Prevalence of HIV varies widely across South Carolina, with much higher rates in Greenville, Horry and Richland counties and less so in Charleston, Berkeley and Dorchester, according to DHEC. Those ages 20-29 in South Carolina make up 13 percent of the total population but account for nearly 40 percent of new HIV diagnoses, according to DHEC.

That speaks to a need for greater awareness and education, which can be hampered by a number of things, including stigma, Reams said.

"It’s very challenging to get the word out," he said. Part of that has to do with the perception of HIV, particularly among the young, Reams said.

Quite often he will be doing community outreach, "And they say, 'Oh, AIDS is still a thing?'" Reams said.

Luciano, a peer services coordinator at Palmetto Care, encounters that lack of concern and awareness of recent history as well.

"People in that 20-29 age range don’t have any memory of the point in time when HIV/AIDS was a terrifying prospect and they have no experience of the trauma of seeing members of the community die around them," he said.

When Luciano speaks to college groups, "I can't tell you how many times I've been asked, 'Is that still a thing?'" he said. 

Part of it is awareness, said Shanna Hastie, a licensed master social worker with DHEC Lowcountry Public Health Region.

"That’s where we come in," she said. "We want to make sure individuals know their risk."

But it can be challenging to make people aware of things like pre-exposure prophylaxis (PrEP) medication that can reduce the risk of infection, Hastie said.

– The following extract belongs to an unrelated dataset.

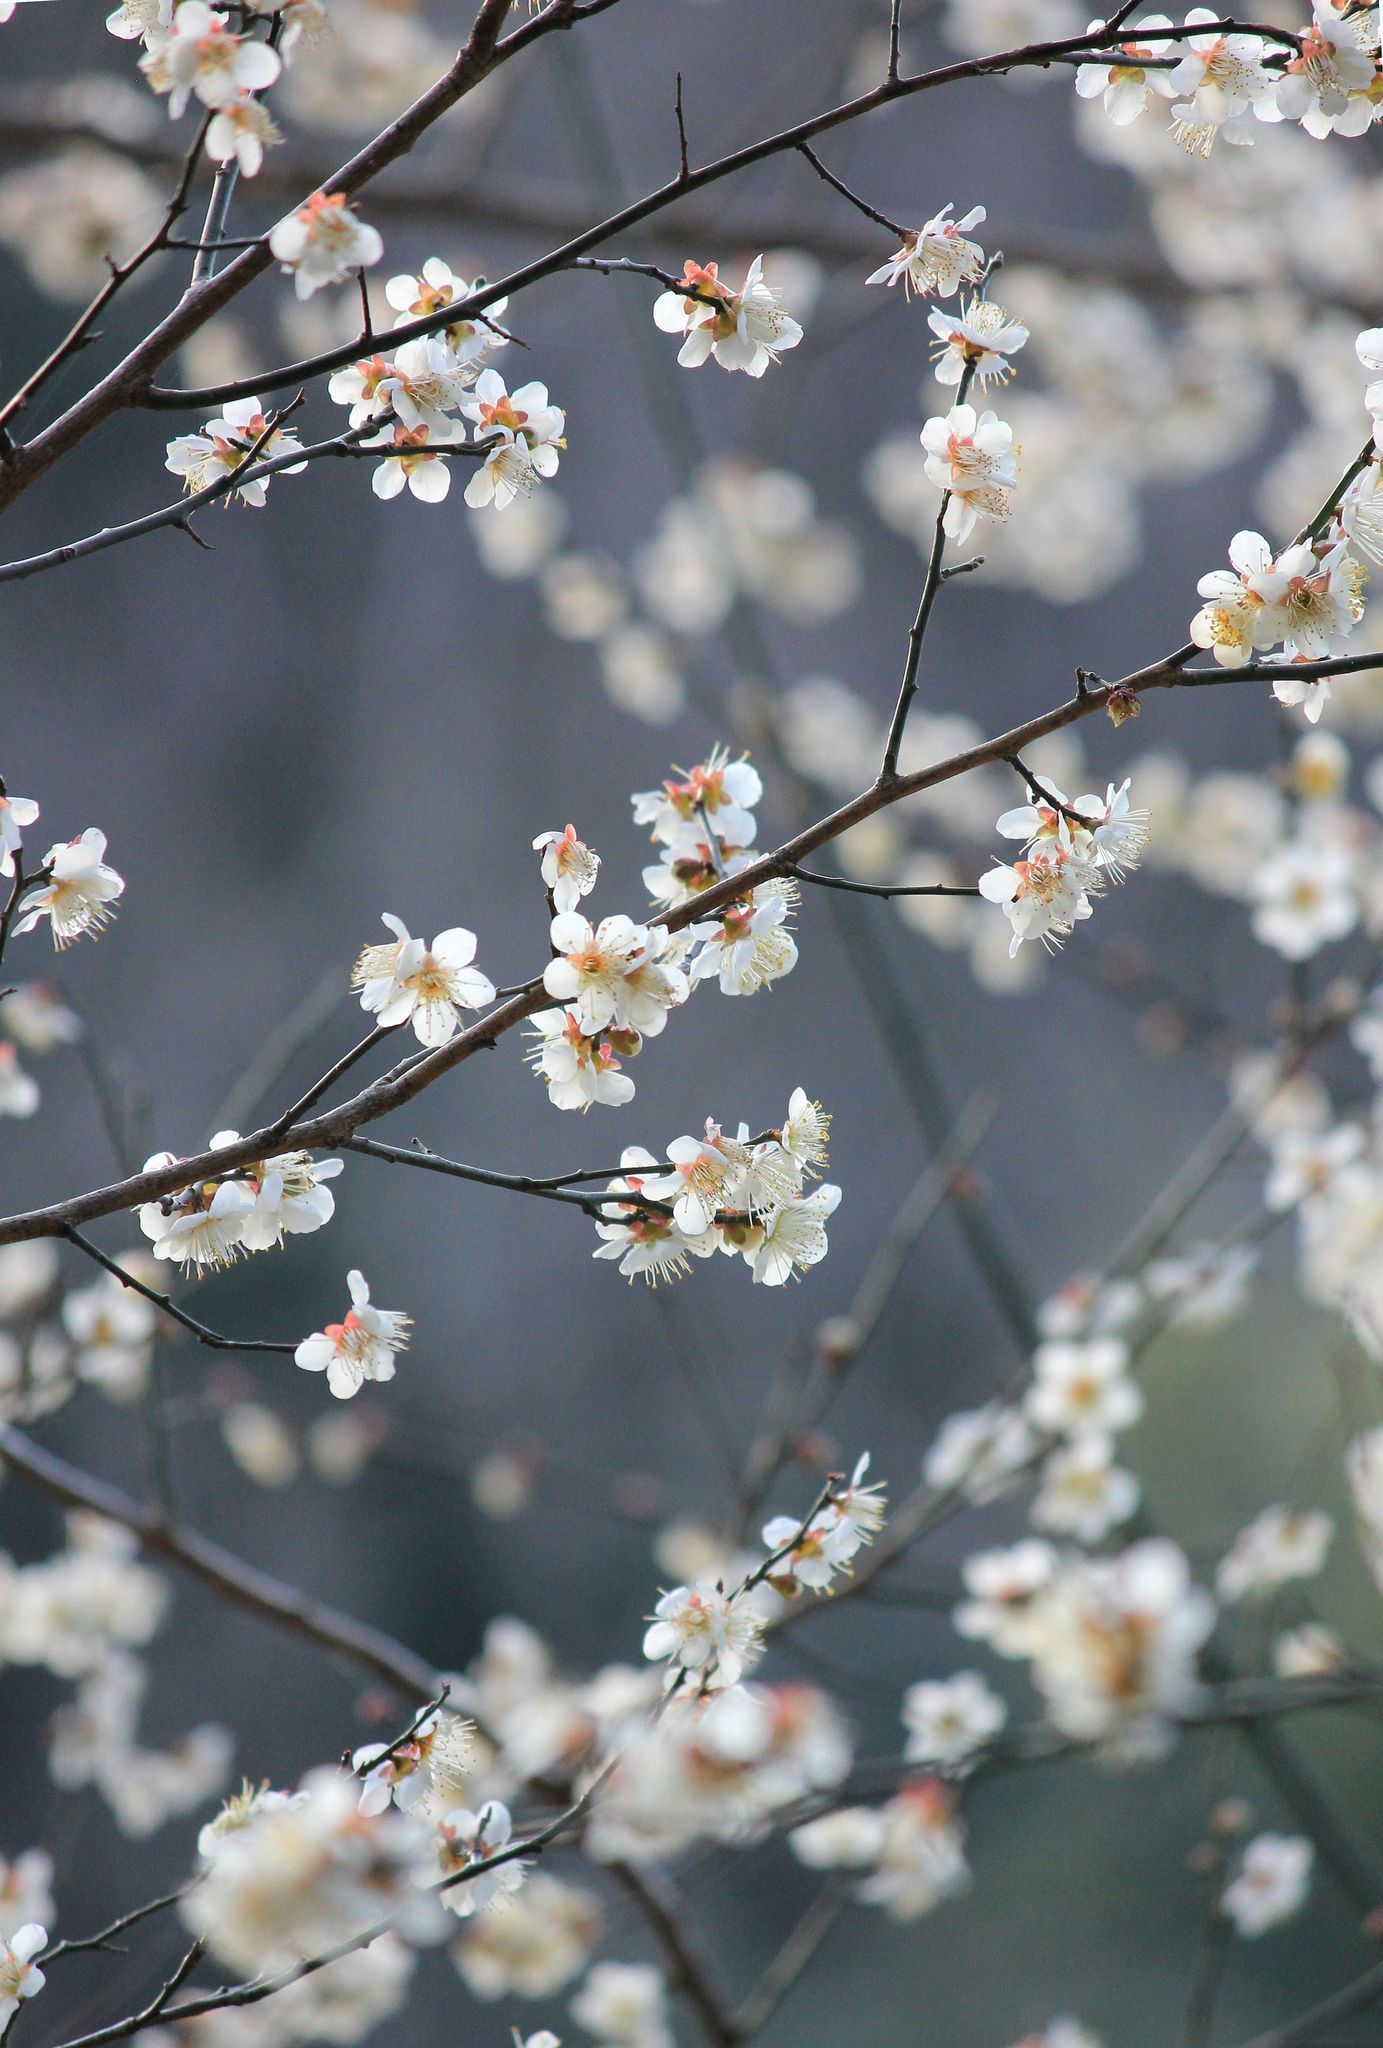 Under the plum blossoms. Flower aesthetic, Flower feild, Spring photography
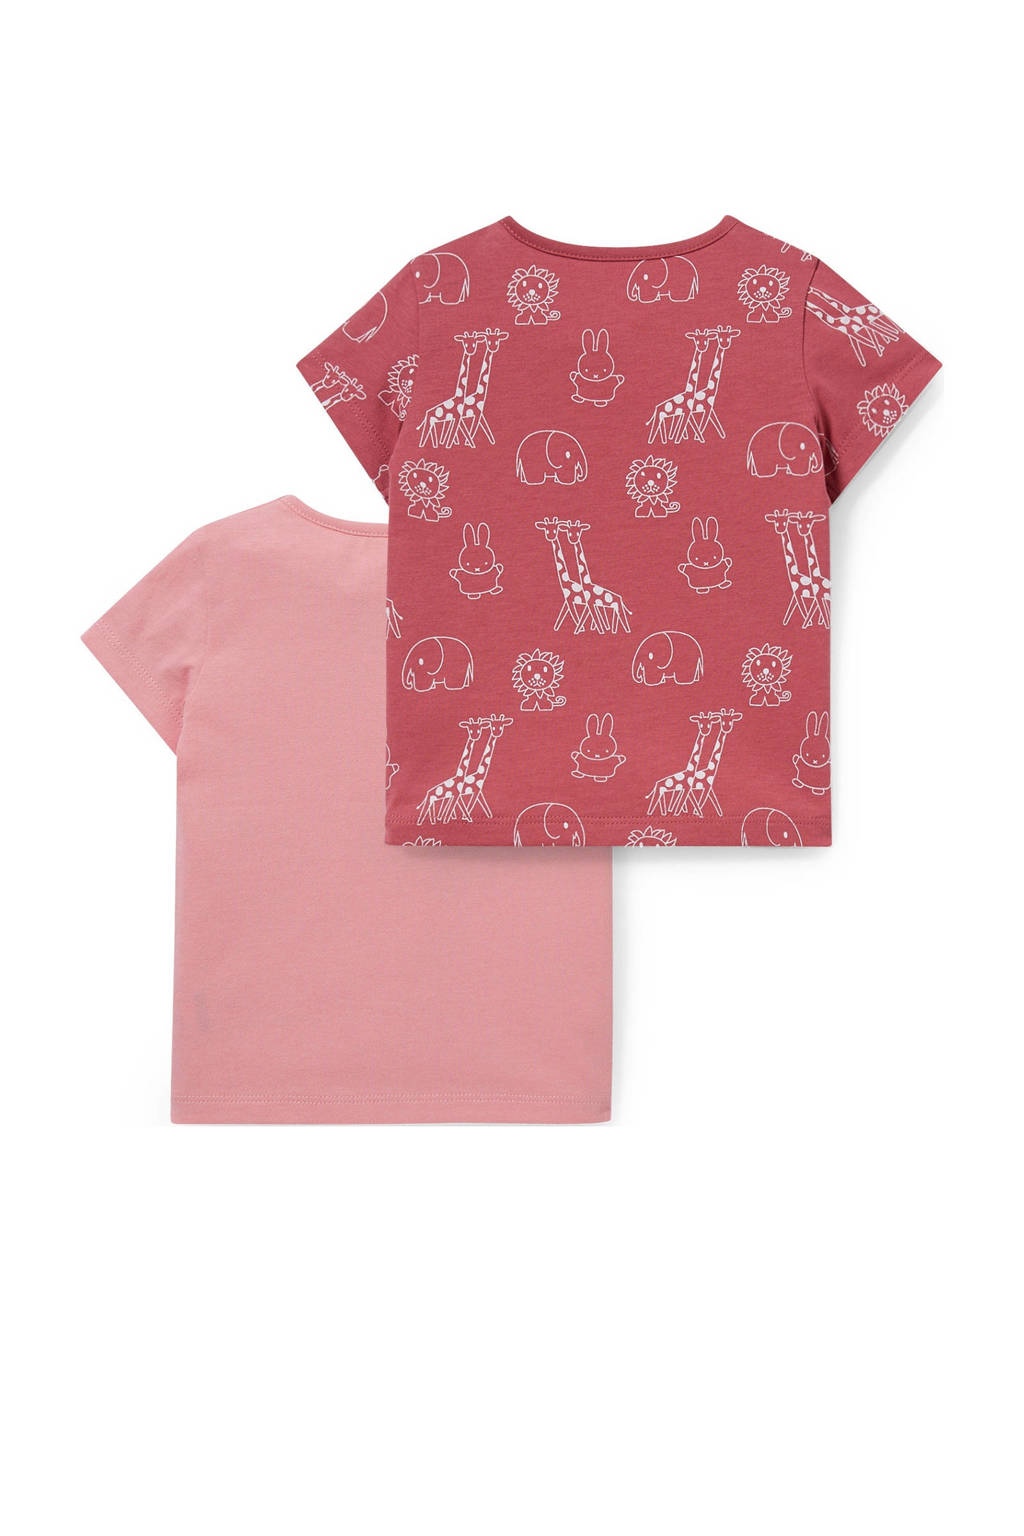 Oprechtheid lint veronderstellen C&A baby T-shirt Nijntje - set van 2 roze/donkerroze | wehkamp

"There may not be a lot of conversations around sexual health or PrEP or if it is something they may qualify for," she said.

Fortunately during the pandemic, many people who were already diagnosed and in care were able to stay on their medication, so the number with a suppressed viral load remained stable, CDC reported.

That was a concern Luciano had of losing people during the pandemic.

And it turned out, "it was a much smaller number than I feared," he said.